→ **Recorded data**
----------
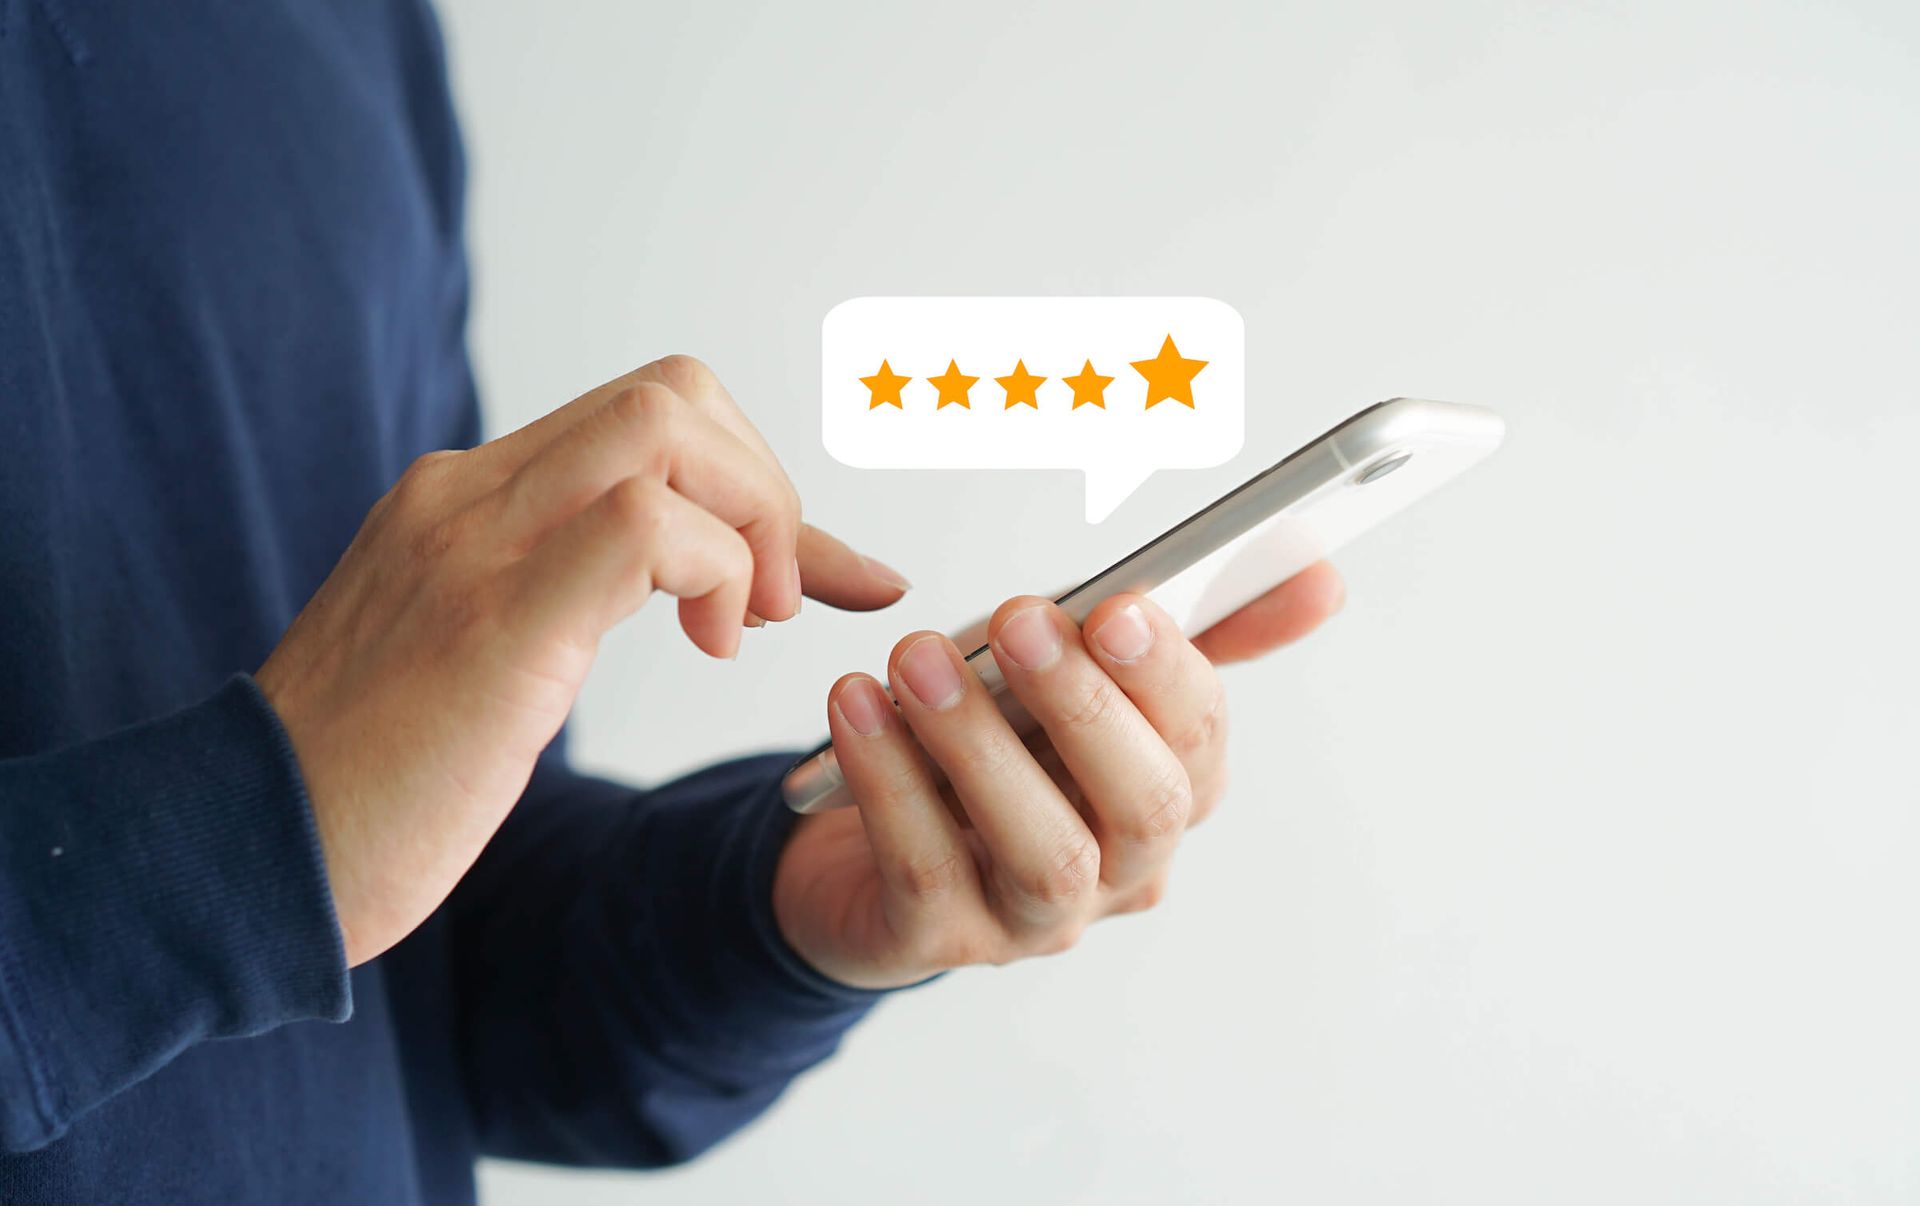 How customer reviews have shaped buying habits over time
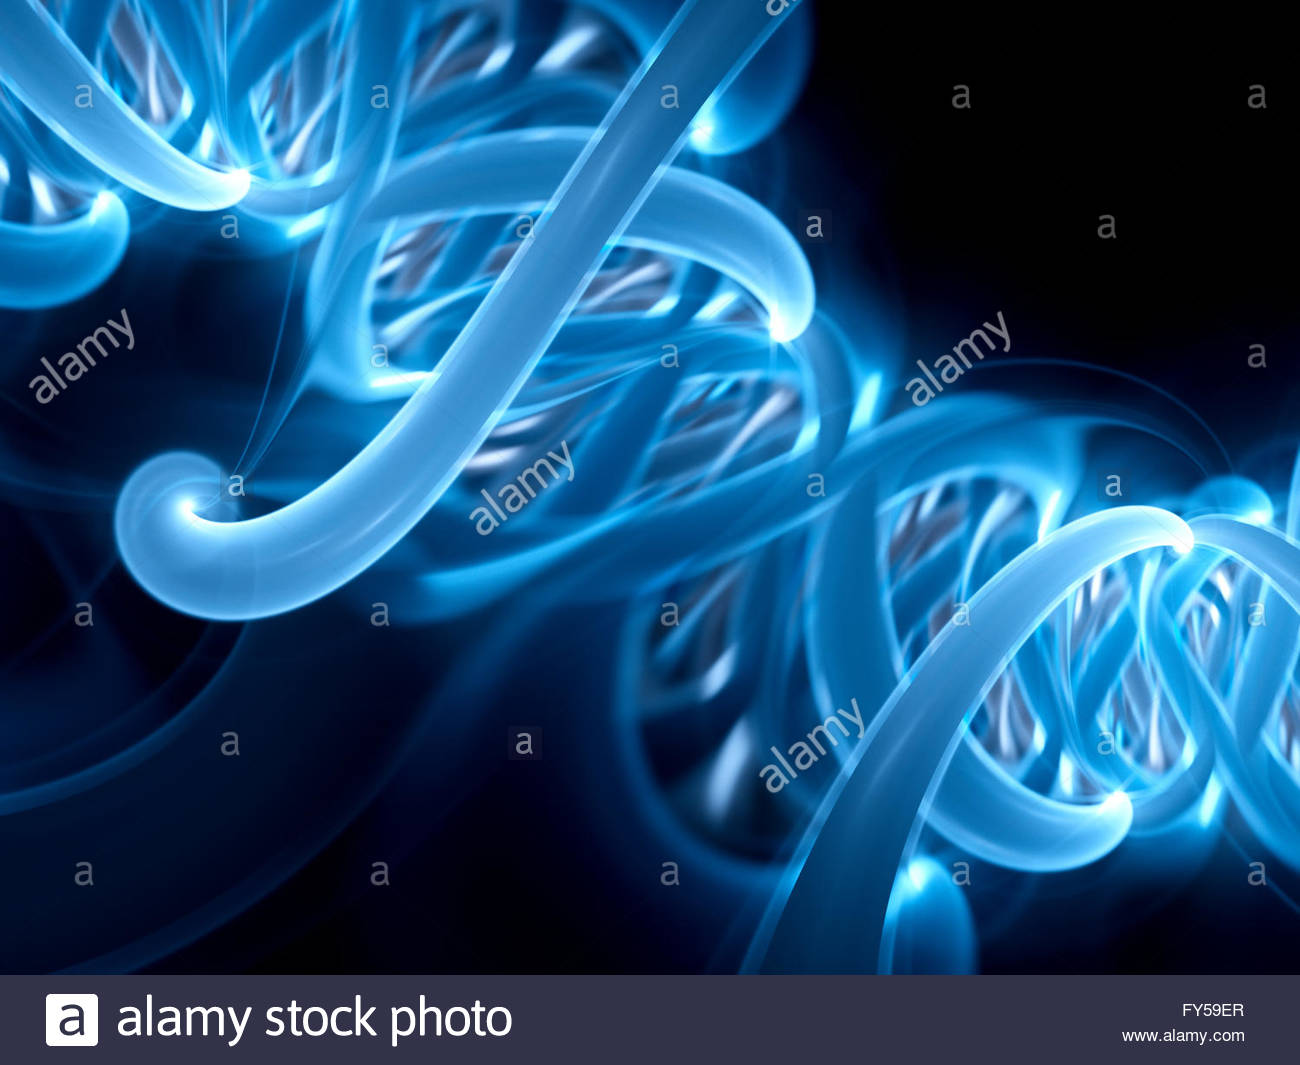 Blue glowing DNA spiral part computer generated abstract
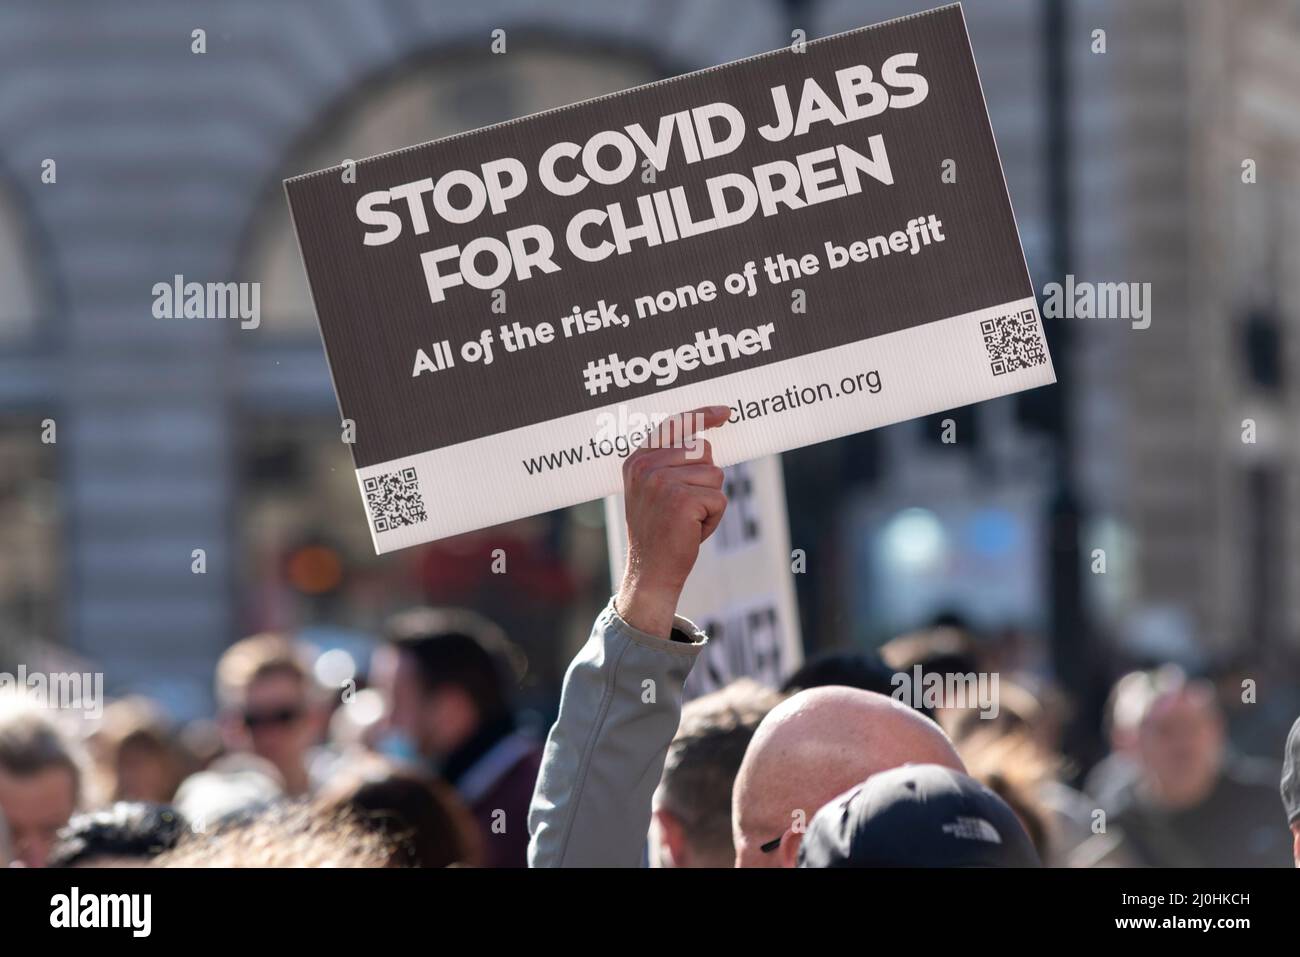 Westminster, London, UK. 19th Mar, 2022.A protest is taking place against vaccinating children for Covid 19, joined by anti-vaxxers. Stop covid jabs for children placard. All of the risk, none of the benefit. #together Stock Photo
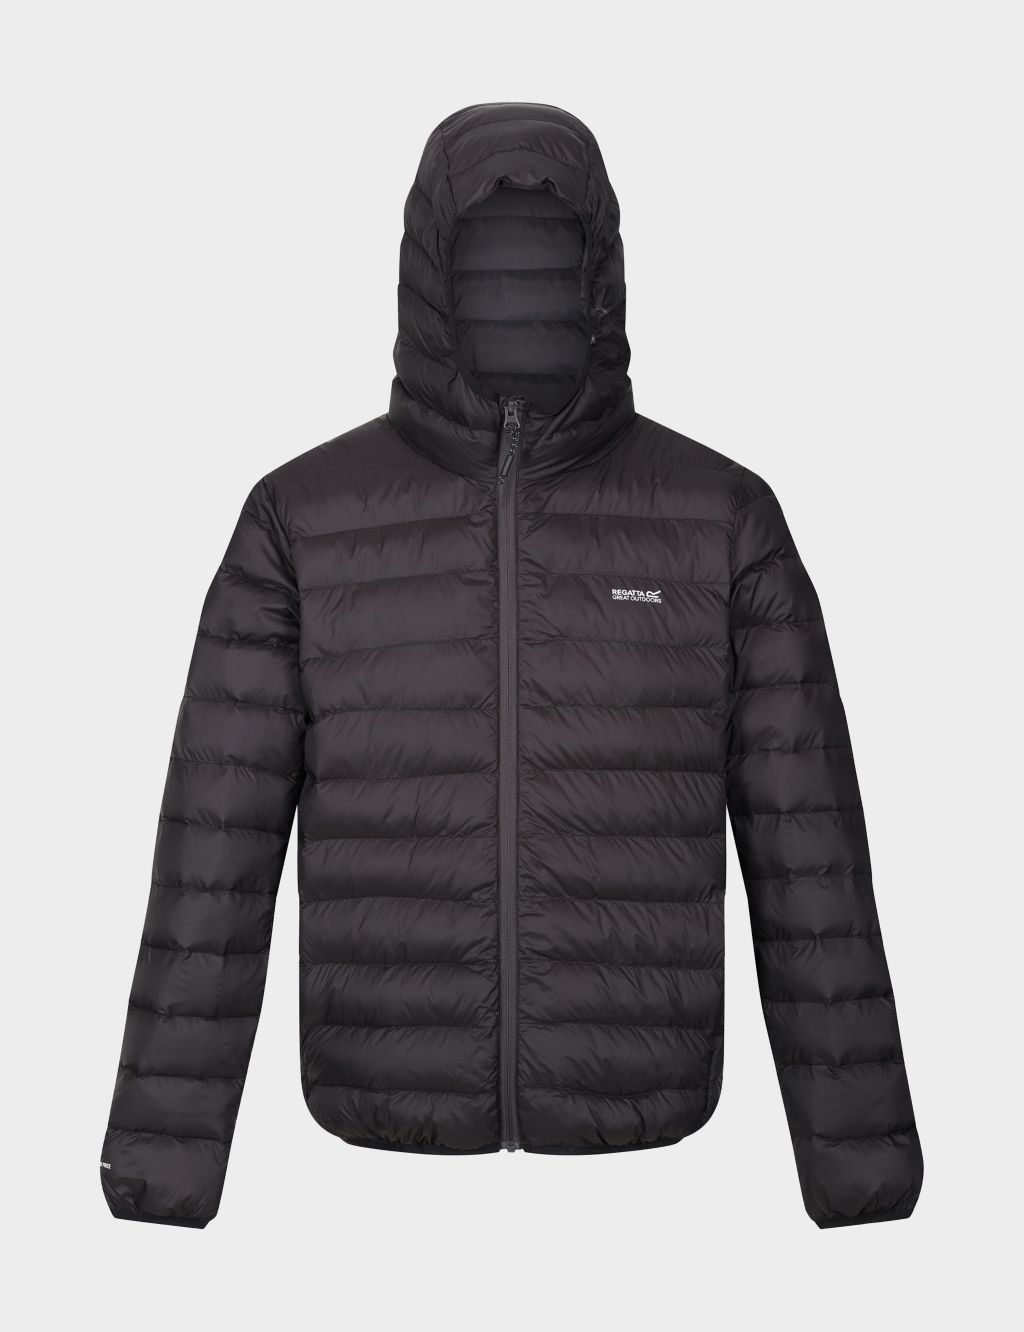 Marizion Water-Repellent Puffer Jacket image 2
----------
→ **Exercise goal**
Retype the listing above exactly as it appears, omitting the pictures.

→ **Task response**
 How customer reviews have shaped buying habits over time
 Blue glowing DNA spiral part computer generated abstract
 Westminster, London, UK. 19th Mar, 2022.A protest is taking place against vaccinating children for Covid 19, joined by anti-vaxxers. Stop covid jabs for children placard. All of the risk, none of the benefit. #together Stock Photo
 Marizion Water-Repellent Puffer Jacket image 2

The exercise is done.